There had to be another record of community college doings other than their own. The librarian told me the local newspaper was the Hornet but everything was already on microfiche. Still, it was cross-referenced by subject matter. That could help me, right? I didn’t have to pretend to be anybody special. She didn’t look at me funny or even ask what I was up to. When I said I was searching for Charmian Carr, she taught me how to enter the name, then look up the resulting stories.


There were a lot of them. More than twenty. Some were only a mention, but others had pictures. Two stories were about her exclusively. Wow! I should have come here first!

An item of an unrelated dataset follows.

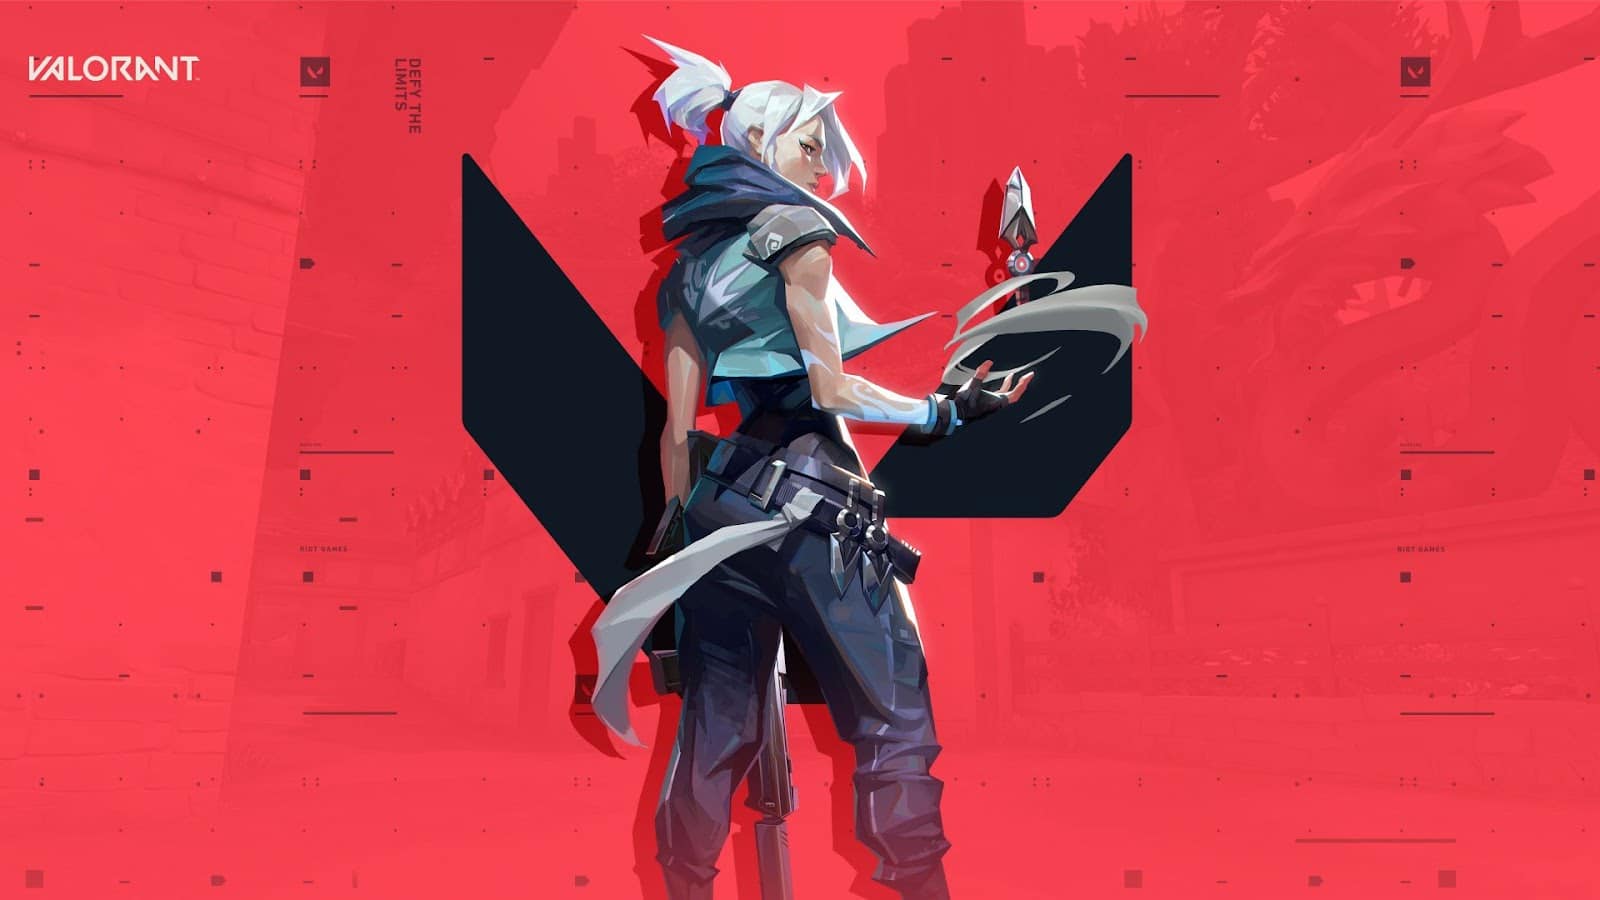 The Jett holds a knife in the air above her hand. The stylized letter V from the Valorant logo appears spray painted on the red wall behind her

“Turkish Vacation Turns Into Archaeological Dig,” read a headline. Here was a photo of the real Charmian, sitting in her office at the college. I scrolled down, searching for I don’t know what. This woman was never the Charmian I knew. It was impossible that there could be two Charmian Carrs out of Cold Creek Community College. My growing excitement was threatening to get in the way of my detective work.


It sure looked like Charmian had stolen somebody else’s identity, and that someone else had subsequently disappeared.


“Cold Creek Faculty Tackles Ionesco Play,” said the other headline, and there was the real Charmian Carr, dressed up in drag with a Groucho-like moustache and a tailcoat, bowing deeply for the camera. Behind her, laughing, stood my stepmother. Oh my God!


But who was she? The article gave the cast list but of course it meant nothing to me. I pored over the names, but nothing leaped out at me.


I asked the librarian if there was any way to get a copy of the article. Just like my father always said, as long as you’re willing to pay, you can get anything you want.